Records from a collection
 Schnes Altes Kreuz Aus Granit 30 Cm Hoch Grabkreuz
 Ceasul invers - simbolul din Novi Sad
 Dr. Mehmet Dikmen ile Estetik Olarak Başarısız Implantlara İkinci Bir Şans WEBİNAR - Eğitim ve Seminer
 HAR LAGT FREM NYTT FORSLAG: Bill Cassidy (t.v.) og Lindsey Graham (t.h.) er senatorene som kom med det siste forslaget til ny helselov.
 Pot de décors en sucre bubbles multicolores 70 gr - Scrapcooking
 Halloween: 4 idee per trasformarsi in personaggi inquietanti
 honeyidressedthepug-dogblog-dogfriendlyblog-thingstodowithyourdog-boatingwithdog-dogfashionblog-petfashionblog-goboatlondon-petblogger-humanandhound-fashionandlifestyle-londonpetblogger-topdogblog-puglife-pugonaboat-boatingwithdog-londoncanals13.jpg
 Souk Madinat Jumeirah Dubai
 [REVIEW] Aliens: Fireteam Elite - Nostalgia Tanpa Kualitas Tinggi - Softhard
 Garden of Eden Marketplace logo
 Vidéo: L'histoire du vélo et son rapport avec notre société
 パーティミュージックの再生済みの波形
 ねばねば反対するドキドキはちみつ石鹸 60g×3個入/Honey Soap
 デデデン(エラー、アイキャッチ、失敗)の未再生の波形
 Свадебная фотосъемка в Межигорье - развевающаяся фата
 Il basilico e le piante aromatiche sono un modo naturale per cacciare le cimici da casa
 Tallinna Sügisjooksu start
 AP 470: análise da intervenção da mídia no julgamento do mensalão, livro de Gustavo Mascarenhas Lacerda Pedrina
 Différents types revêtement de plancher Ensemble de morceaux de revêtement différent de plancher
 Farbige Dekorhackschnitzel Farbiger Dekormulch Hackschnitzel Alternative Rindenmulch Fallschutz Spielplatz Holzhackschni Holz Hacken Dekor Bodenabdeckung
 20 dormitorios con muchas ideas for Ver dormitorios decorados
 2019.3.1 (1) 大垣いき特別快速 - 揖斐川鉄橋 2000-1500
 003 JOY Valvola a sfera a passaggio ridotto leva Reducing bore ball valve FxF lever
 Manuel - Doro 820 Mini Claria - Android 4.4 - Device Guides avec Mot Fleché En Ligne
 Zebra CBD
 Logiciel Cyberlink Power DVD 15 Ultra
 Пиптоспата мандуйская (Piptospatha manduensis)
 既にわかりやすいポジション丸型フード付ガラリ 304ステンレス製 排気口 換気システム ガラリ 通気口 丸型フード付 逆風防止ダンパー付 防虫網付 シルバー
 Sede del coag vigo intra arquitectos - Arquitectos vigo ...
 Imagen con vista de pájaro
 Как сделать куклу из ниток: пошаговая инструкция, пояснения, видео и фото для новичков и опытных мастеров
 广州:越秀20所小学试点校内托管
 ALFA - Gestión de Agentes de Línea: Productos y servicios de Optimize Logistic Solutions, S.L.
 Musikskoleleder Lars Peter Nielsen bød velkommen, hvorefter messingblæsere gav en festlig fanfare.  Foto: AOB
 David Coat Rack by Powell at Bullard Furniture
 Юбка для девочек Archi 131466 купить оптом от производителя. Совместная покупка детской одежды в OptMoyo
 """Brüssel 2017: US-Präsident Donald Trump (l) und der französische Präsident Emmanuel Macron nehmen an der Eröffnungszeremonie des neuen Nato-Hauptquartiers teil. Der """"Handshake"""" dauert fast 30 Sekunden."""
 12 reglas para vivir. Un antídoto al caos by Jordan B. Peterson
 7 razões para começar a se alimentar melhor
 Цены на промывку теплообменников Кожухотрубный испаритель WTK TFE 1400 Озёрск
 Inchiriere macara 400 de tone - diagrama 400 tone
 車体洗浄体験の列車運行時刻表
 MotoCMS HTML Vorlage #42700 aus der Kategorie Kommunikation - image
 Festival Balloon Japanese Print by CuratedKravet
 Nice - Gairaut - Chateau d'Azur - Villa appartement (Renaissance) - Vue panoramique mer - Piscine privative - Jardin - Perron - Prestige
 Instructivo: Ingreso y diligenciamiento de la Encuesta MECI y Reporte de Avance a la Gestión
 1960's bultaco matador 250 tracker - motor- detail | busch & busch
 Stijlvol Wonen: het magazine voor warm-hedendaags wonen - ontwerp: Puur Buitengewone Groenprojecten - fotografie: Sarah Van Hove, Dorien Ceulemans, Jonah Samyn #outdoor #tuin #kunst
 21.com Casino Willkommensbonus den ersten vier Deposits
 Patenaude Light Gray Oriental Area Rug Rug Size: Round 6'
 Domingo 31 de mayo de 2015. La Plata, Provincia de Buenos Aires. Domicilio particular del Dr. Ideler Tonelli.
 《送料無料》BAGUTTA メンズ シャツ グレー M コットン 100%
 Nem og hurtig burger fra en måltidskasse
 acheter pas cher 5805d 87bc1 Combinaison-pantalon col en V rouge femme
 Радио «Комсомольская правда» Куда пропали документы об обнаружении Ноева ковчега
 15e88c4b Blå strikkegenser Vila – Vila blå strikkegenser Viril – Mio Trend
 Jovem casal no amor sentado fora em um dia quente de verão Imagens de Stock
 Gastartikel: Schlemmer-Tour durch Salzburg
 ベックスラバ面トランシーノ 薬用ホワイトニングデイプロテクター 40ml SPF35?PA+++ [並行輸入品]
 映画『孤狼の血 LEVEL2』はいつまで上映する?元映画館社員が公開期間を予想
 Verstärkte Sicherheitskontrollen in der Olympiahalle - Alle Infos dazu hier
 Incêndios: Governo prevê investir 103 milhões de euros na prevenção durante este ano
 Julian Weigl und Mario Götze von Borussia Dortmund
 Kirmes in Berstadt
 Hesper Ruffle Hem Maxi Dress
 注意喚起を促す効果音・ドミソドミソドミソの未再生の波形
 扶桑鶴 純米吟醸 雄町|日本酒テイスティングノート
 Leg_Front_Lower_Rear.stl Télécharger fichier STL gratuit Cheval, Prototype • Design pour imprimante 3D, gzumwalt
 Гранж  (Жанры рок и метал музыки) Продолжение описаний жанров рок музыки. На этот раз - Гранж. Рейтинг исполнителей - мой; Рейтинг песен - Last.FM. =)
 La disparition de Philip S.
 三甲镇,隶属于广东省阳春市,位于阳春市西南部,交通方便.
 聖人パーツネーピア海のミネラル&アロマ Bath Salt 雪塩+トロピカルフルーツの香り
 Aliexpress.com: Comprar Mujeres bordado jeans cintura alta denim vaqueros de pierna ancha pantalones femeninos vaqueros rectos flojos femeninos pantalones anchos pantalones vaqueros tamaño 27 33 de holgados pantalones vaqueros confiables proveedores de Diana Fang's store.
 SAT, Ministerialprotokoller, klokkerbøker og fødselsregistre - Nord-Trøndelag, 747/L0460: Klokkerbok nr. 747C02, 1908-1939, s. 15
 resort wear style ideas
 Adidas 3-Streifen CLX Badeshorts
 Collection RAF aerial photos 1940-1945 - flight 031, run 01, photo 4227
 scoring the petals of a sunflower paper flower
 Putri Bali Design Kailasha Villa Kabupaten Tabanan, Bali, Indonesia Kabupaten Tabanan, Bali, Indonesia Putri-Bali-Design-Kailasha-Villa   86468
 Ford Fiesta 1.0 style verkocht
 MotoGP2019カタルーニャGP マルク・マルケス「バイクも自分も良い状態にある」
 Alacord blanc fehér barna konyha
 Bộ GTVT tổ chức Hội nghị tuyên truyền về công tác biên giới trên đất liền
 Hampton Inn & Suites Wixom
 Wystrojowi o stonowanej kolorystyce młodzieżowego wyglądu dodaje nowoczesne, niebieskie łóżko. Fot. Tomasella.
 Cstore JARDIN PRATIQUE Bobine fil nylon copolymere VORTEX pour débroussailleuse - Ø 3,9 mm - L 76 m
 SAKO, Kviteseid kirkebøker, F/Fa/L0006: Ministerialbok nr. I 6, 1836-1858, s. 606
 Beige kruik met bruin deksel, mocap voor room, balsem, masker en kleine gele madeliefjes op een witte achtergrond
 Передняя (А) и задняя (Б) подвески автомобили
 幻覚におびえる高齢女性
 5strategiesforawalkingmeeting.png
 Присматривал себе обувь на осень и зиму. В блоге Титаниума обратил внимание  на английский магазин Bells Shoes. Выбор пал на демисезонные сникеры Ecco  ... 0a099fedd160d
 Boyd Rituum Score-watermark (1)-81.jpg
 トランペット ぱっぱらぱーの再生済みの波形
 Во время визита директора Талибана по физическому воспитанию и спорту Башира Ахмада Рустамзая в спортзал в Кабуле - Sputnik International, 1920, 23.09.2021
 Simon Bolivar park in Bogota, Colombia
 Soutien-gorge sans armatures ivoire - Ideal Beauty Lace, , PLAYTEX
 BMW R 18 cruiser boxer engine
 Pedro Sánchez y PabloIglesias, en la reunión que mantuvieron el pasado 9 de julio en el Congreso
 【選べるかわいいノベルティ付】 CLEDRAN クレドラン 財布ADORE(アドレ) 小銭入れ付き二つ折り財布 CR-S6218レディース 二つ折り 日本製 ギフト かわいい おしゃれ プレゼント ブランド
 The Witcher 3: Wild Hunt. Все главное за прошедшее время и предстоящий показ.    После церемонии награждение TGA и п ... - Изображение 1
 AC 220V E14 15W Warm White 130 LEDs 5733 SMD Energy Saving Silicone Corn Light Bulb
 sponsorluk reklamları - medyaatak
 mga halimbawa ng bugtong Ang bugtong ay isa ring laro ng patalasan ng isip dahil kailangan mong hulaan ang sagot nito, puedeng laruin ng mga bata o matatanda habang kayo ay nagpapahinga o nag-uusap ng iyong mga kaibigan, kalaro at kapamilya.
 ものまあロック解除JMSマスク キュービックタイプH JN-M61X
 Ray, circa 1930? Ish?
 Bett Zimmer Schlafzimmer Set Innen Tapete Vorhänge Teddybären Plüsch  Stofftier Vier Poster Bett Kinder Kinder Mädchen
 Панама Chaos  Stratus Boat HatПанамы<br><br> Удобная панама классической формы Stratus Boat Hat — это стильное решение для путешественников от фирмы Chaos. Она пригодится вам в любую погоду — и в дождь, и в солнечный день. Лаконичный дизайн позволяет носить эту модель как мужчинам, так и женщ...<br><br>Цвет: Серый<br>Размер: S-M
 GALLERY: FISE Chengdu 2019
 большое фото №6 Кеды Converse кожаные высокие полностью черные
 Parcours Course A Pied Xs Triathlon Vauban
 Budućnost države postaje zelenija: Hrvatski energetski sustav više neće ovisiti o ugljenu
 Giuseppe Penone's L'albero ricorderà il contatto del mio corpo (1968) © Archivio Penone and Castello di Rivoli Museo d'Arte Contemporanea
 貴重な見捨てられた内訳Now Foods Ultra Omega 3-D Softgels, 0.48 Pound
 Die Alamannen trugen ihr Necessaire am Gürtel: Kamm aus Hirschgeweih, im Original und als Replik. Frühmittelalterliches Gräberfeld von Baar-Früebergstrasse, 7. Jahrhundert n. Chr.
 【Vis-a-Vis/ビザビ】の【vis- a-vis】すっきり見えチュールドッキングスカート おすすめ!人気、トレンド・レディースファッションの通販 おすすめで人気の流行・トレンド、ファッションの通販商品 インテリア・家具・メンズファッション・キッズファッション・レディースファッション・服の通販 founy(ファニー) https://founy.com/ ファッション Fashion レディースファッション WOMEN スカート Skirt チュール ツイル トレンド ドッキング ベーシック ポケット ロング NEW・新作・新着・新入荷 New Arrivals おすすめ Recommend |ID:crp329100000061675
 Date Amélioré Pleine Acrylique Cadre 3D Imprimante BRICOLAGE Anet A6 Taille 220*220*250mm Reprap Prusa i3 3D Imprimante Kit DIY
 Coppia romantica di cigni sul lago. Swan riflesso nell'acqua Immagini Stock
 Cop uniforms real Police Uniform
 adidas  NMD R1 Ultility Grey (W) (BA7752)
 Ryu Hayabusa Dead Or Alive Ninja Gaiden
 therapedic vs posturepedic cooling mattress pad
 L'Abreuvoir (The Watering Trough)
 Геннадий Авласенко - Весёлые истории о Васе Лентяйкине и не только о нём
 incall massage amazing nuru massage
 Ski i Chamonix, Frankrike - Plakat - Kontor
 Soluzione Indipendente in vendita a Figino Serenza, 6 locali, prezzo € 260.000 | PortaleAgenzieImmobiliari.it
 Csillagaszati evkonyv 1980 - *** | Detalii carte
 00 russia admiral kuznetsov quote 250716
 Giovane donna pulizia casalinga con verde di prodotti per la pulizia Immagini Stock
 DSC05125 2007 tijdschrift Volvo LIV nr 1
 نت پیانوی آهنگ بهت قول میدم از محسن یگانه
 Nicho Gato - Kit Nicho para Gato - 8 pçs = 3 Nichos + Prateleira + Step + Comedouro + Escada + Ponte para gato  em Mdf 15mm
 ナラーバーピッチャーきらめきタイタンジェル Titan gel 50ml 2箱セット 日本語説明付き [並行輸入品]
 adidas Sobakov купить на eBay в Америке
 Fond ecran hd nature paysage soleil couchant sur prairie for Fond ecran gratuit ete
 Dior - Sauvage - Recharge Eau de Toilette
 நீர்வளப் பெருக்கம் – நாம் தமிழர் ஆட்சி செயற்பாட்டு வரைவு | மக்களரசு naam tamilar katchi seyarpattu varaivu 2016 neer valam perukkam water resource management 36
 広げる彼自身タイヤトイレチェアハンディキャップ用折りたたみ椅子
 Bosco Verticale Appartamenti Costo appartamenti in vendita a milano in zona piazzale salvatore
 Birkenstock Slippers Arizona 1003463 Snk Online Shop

Assigned task :: Please copy the lines above from the line with "車体洗浄体験の列車運行時刻表" up to and including the line with "Aliexpress.com: Comprar Mujeres", exactly as written and with nothing else.

Solved problem ::
 車体洗浄体験の列車運行時刻表
 MotoCMS HTML Vorlage #42700 aus der Kategorie Kommunikation - image
 Festival Balloon Japanese Print by CuratedKravet
 Nice - Gairaut - Chateau d'Azur - Villa appartement (Renaissance) - Vue panoramique mer - Piscine privative - Jardin - Perron - Prestige
 Instructivo: Ingreso y diligenciamiento de la Encuesta MECI y Reporte de Avance a la Gestión
 1960's bultaco matador 250 tracker - motor- detail | busch & busch
 Stijlvol Wonen: het magazine voor warm-hedendaags wonen - ontwerp: Puur Buitengewone Groenprojecten - fotografie: Sarah Van Hove, Dorien Ceulemans, Jonah Samyn #outdoor #tuin #kunst
 21.com Casino Willkommensbonus den ersten vier Deposits
 Patenaude Light Gray Oriental Area Rug Rug Size: Round 6'
 Domingo 31 de mayo de 2015. La Plata, Provincia de Buenos Aires. Domicilio particular del Dr. Ideler Tonelli.
 《送料無料》BAGUTTA メンズ シャツ グレー M コットン 100%
 Nem og hurtig burger fra en måltidskasse
 acheter pas cher 5805d 87bc1 Combinaison-pantalon col en V rouge femme
 Радио «Комсомольская правда» Куда пропали документы об обнаружении Ноева ковчега
 15e88c4b Blå strikkegenser Vila – Vila blå strikkegenser Viril – Mio Trend
 Jovem casal no amor sentado fora em um dia quente de verão Imagens de Stock
 Gastartikel: Schlemmer-Tour durch Salzburg
 ベックスラバ面トランシーノ 薬用ホワイトニングデイプロテクター 40ml SPF35?PA+++ [並行輸入品]
 映画『孤狼の血 LEVEL2』はいつまで上映する?元映画館社員が公開期間を予想
 Verstärkte Sicherheitskontrollen in der Olympiahalle - Alle Infos dazu hier
 Incêndios: Governo prevê investir 103 milhões de euros na prevenção durante este ano
 Julian Weigl und Mario Götze von Borussia Dortmund
 Kirmes in Berstadt
 Hesper Ruffle Hem Maxi Dress
 注意喚起を促す効果音・ドミソドミソドミソの未再生の波形
 扶桑鶴 純米吟醸 雄町|日本酒テイスティングノート
 Leg_Front_Lower_Rear.stl Télécharger fichier STL gratuit Cheval, Prototype • Design pour imprimante 3D, gzumwalt
 Гранж  (Жанры рок и метал музыки) Продолжение описаний жанров рок музыки. На этот раз - Гранж. Рейтинг исполнителей - мой; Рейтинг песен - Last.FM. =)
 La disparition de Philip S.
 三甲镇,隶属于广东省阳春市,位于阳春市西南部,交通方便.
 聖人パーツネーピア海のミネラル&アロマ Bath Salt 雪塩+トロピカルフルーツの香り
 Aliexpress.com: Comprar Mujeres bordado jeans cintura alta denim vaqueros de pierna ancha pantalones femeninos vaqueros rectos flojos femeninos pantalones anchos pantalones vaqueros tamaño 27 33 de holgados pantalones vaqueros confiables proveedores de Diana Fang's store.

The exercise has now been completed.